Hashmap

  • Array init size defaults to 16. Double the size when it is 75% full
  • Length is always a power of two, because hash%length==hash&(length-1)
    • How to avoid/optimize rehash when resizing
  • When array length > 64 and some link list(LL) length > 8, this LL will be changed to red-black tree(RBT)
  • When iterating entrys, prefer EntrySet to retrive k & v at the same time.

Hashmap’s concurrency problem

  • When insert two elements with the same hash, while there is no existing node at the entry, in putVal()

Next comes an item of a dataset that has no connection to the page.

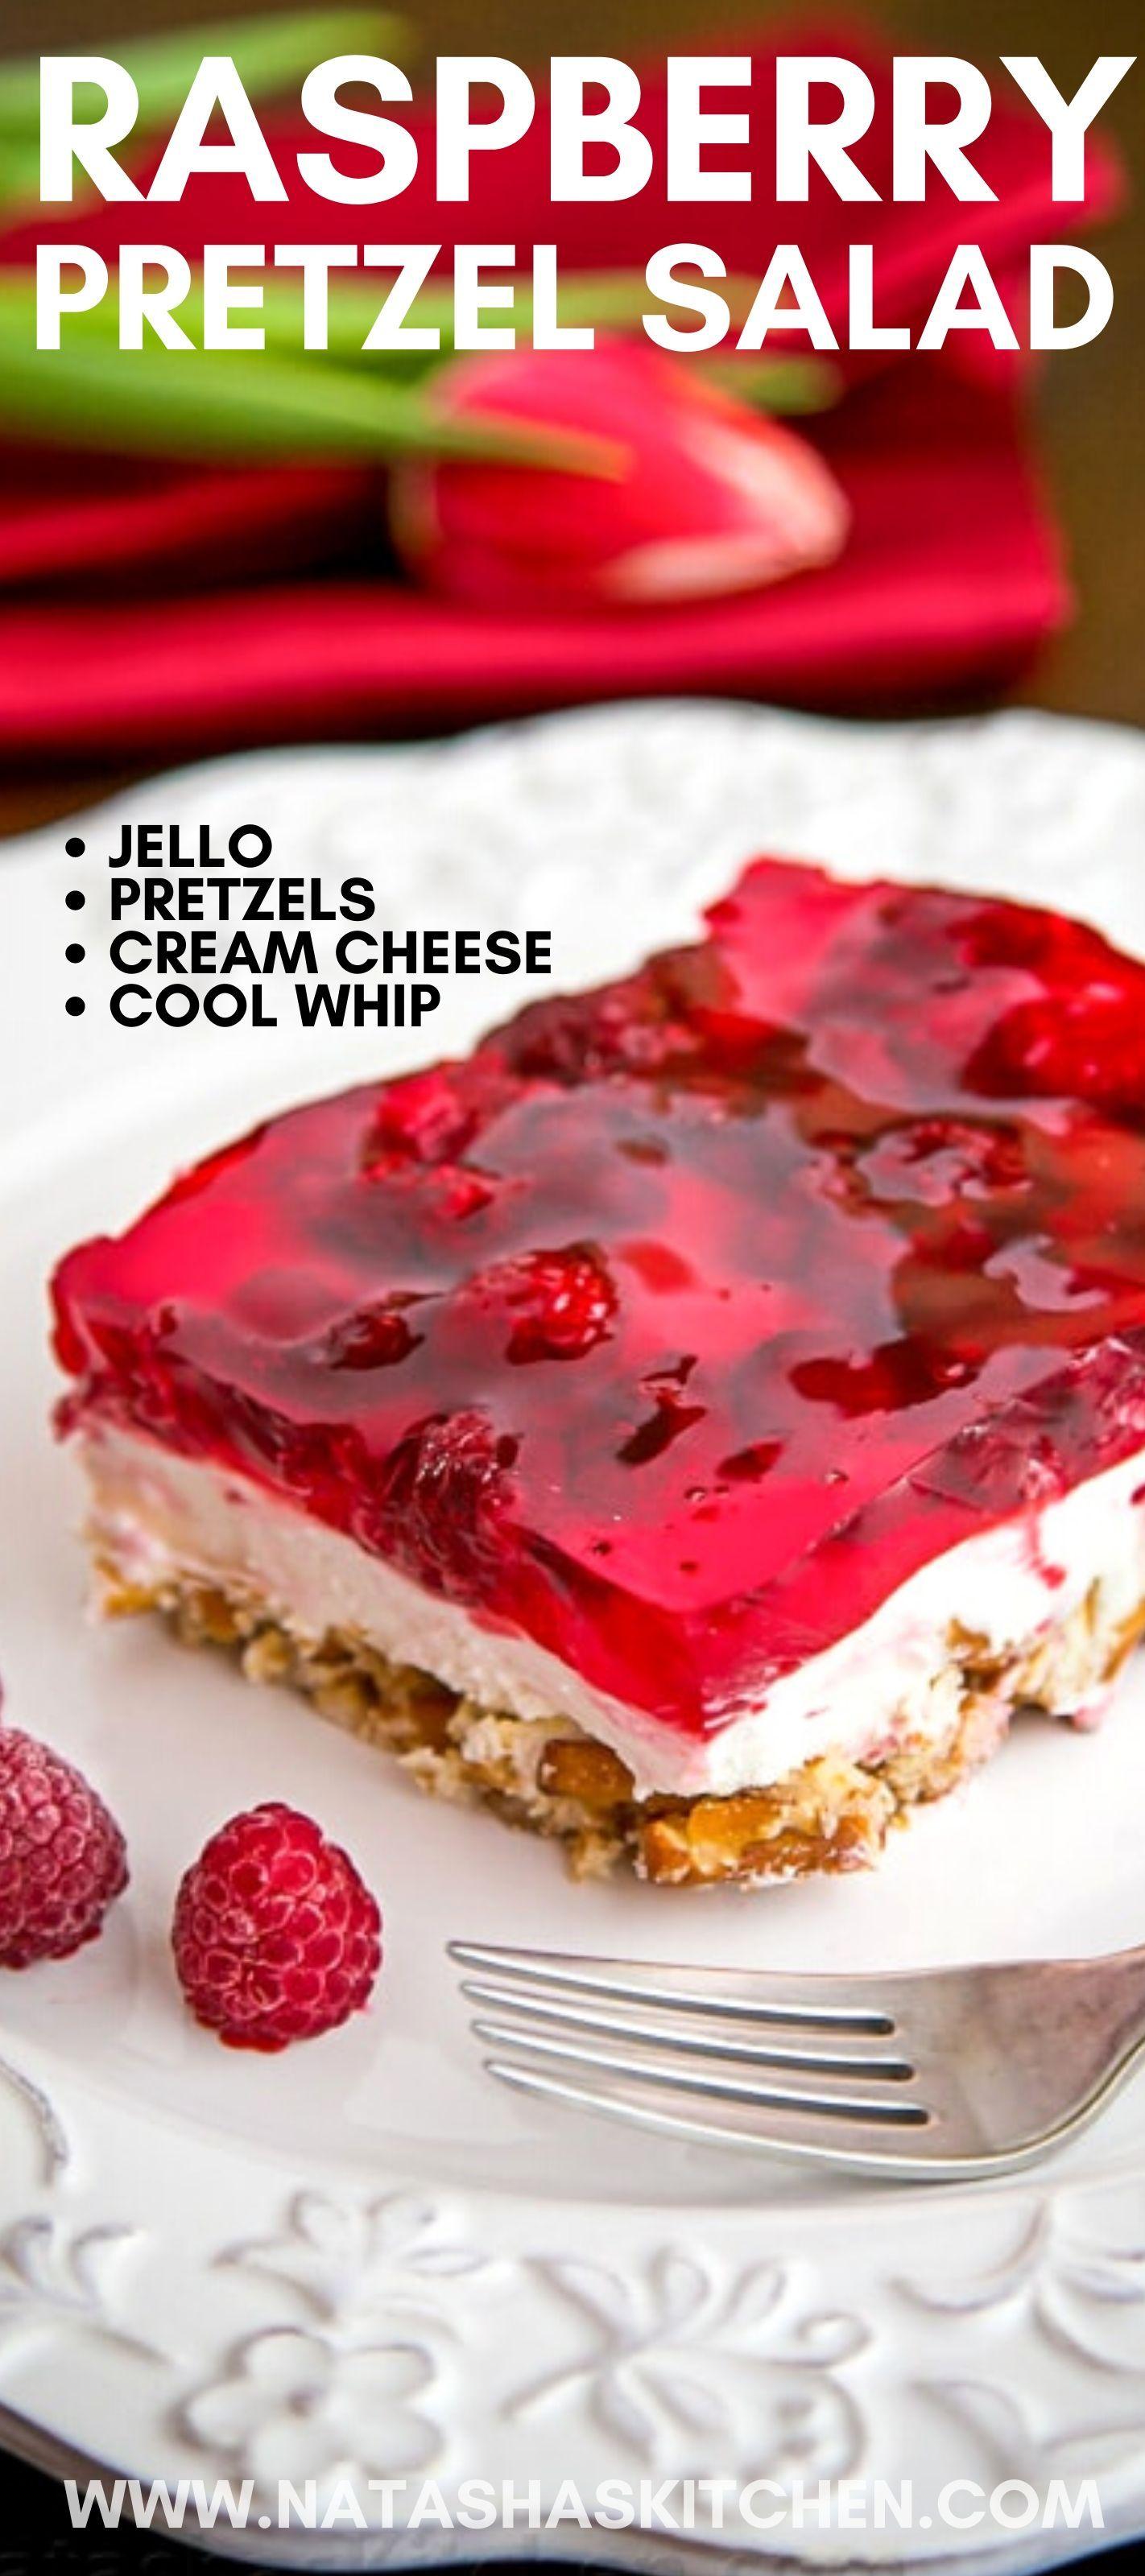 Raspberry Pretzel Jello Recipe A Fantastic Holiday Dessert Thanksgiving And Christmas Are The Most Popu Recetas De Gelatina Postres Navidenos Comida Postres

    if ((p = tab[i = (n - 1) & hash]) == null) 
            tab[i] = newNode(hash, key, value, null);

and one node will be overwritten

  • When resize(), this may introduce a cycle in the link

ConcurrentHashMap

Node type


static class Node<K,V> implements Map.Entry<K,V> {
        final int hash;
        final K key;
        volatile V val;
        volatile Node<K,V> next;

//Note that Node.setValue gives UnsupportedOperationException(),i.e., Node itself is immutable
//....

Members

    /**
     * The array of bins. Lazily initialized upon first insertion.
     * Size is always a power of two. Accessed directly by iterators.
     */
    transient volatile Node<K,V>[] table;

    /**
     * The next table to use; non-null only while resizing.
     */
    private transient volatile Node<K,V>[] nextTable;

Put

  • Assuming the normal case, I deleted/commented/erased out some lines for the ease of reading
  • CHM does not allow key or value to be null
    final V putVal(K key, V value, boolean onlyIfAbsent) {
        int hash = spread(key.hashCode());
        int binCount = 0;//size in the list to decide if need to convert to RBT
        for (Node<K,V>[] tab = table;;) {
	Node<K,V> f;//current node at tbl 
	int n; //size of array, always a power of two 
	int i; //index at the tbl array
	int fh; //mod hash value
            if (tab == null || (n = tab.length) == 0)
                tab = initTable();
            else if ((f = tabAt(tab, i = (n - 1) & hash)) == null) {
	    // (n-1) & hash, fast mod with 2^n, i,e. first time ever at this slot
                if (casTabAt(tab, i, null,
                             new Node<K,V>(hash, key, value, null)))
                    break;                   // no lock when adding to empty bin
//can't CAS, spin again
            }
            else if ((fh = f.hash) == MOVED)
	    //resizing is underway, let it finish first, may create a thread to speed up resizing
                tab = helpTransfer(tab, f);
            else {
                V oldVal = null;
                synchronized (f) {
		if (tabAt(tab, i) == f) { 
		//now that we are in mutex, first check if the node value remains valid
                        if (fh >= 0) {
                            binCount = 1;
			    //linked list upsert
                        }
                        else if (f instanceof TreeBin) {
                            binCount = 2;
			    //RBT upsert
                        }
                    }
                }
                if (binCount != 0) {
                    if (binCount >= TREEIFY_THRESHOLD)
                        treeifyBin(tab, i);
		    if (oldVal != null)
			//update case. no need to resize
                        return oldVal; 
                    break; //conclude spinning 
                }
            }
        }
	//attempt to help resize in case of insert
        addCount(1L, binCount); 
        return null;
    }
  • get() does not use any mutex or CAS, why does it work?
    • Every time we update the table, we acquire the mutex first, i.e., in effect only 1 thread updating volatiles. Therefore, reading volatiles becomes thread safe

Concurrent resizing

Inside transfer()

  • Mark copied node and empty node as ForwardingNode. When iterating, when we see such nodes, move to the next
  • Uses MIN_TRANSFER_STRIDE to lower bound the range
  • No new thread is spawned. It reuses threads in put().